Czekał, czekał i czekał, ale po ślicznym kwiaciarzu nie było śladu. Zupełnie tak, jakby nagle rozpłynął się w mgle, pozostawiając po sobie jedynie przyjemne wspomnienie połączenia żółtych tulipanów i jego jasnych blond włosów, których grzywka nie raz irytująco musiała wpadać mu do oczu.
~Był taki uroczy, kiedy się speszył.~rozmarzył się Johann, zaraz potem karcąc się w duchu~Co ty sobie myślałeś, durniu!

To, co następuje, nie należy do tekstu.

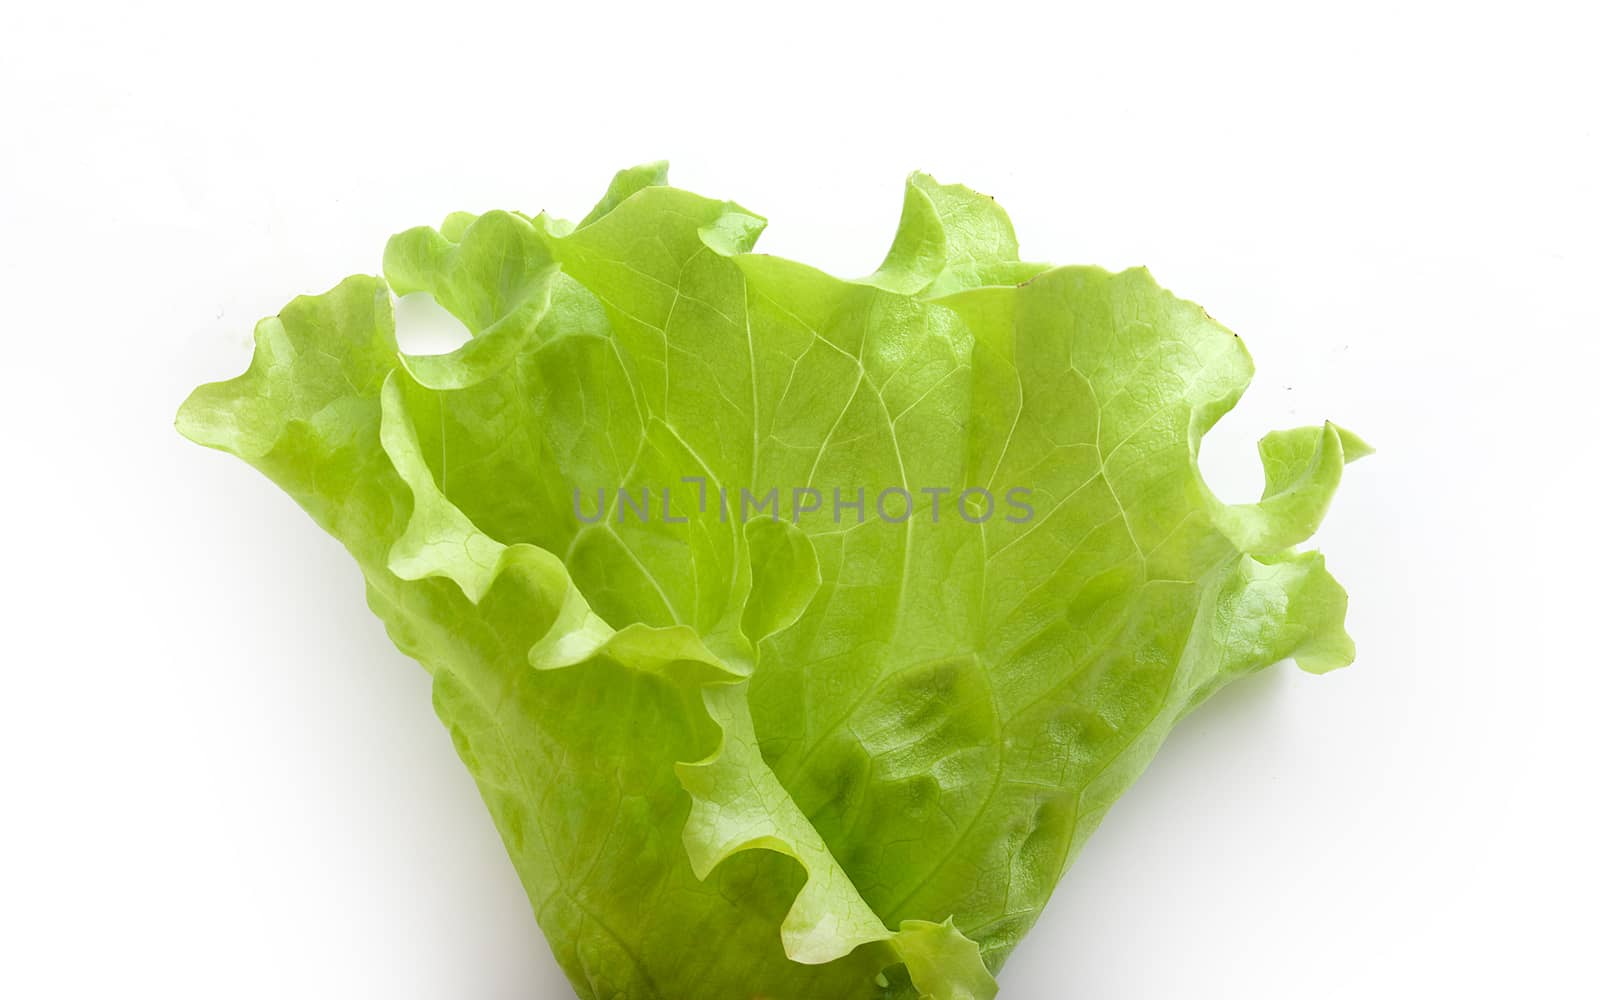 Fresh green lettuce by Angorius

Pewnie go przestraszyłeś tym swoim roziskrzonym spojrzeniem i oblejesz zajęcia. A jego już na pewno nigdy nie spotkasz, w końcu kto nie uciekłby od spotkania z kimś, kto nieznajomemu daje kwiaty, no błagam. W końcu to facet, a nie jakaś naiwna babka, która tylko czeka na swojego księcia z bajki. A jeżeli kogoś ma, to jesteś zupełnie skończony, pacanie.~rozmyślał o blondynie Forfang
Od zamknięcia kwiaciarni minęła już dobra godzina, którą spędził spacerując pośród wiekowych drzew, wciąż mając oko na niewielką ozdobę parku.

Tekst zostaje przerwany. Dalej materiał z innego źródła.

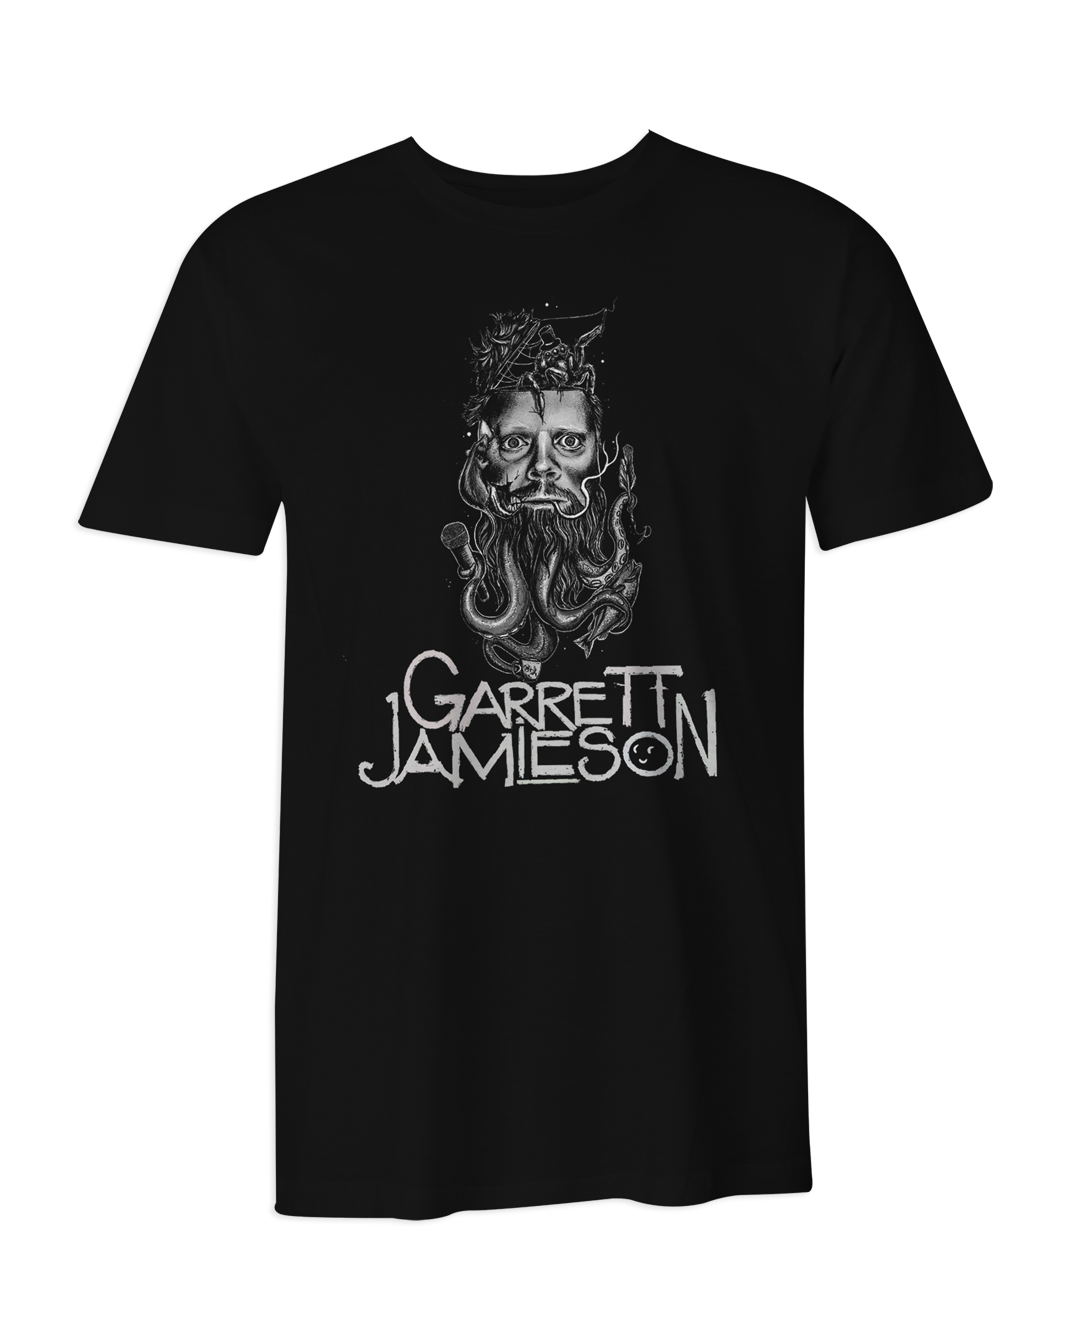 Garrett’s T-Shirt

—A więc jednak nie przyjdzie.—westchnął w końcu zrezygnowany Norweg i ruszył w kierunku przystanku autobusowego, skąd  za kilka minut miał odjechać jego transport
Nie uszedł jednak daleko, kiedy w oddali zobaczył tego, na którego czekał tyle czasu. Mężczyzna szybkim krokiem zmierzał w stronę umówionego miejsca spotkania nerwowo rozglądając się na boki, więc Forfang zdecydowanym ruchem zawrócił.
—Już myślałem, że się nie pojawisz!—krzyknął głosem człowieka, w którego serce na nowo wlała się nadzieja, student sztuki
—Wybacz, mam z pracy nie daleko do babci i zawsze wpadam do niej na chwilkę. To już sędziwa kobieta, więc staram się z nią spędzić tyle czasu, ile jeszcze jej zostało.—uśmiechnął się przepraszająco—Dlaczego dałeś mi te kwiaty? Czy twoja dziewczyna nie ucieszyłaby się bardziej?—spytał znów czerwony na buzi
—Och, nie mam teraz nikogo. Jakoś nie udało mi się spotkać do wczoraj nikogo wyjątkowego, a dziesięć minut znajomości to za krótko, żeby z kimś chodzić, przynajmniej według mnie.—blondyn stał się jeszcze bardziej czerwony niż chwilę wcześniej—Co do kwiatów, robię zadanie na studia i potrzebuję pomocy w uchwyceniu piękna kwiatów. Mogę na ciebie liczyć …?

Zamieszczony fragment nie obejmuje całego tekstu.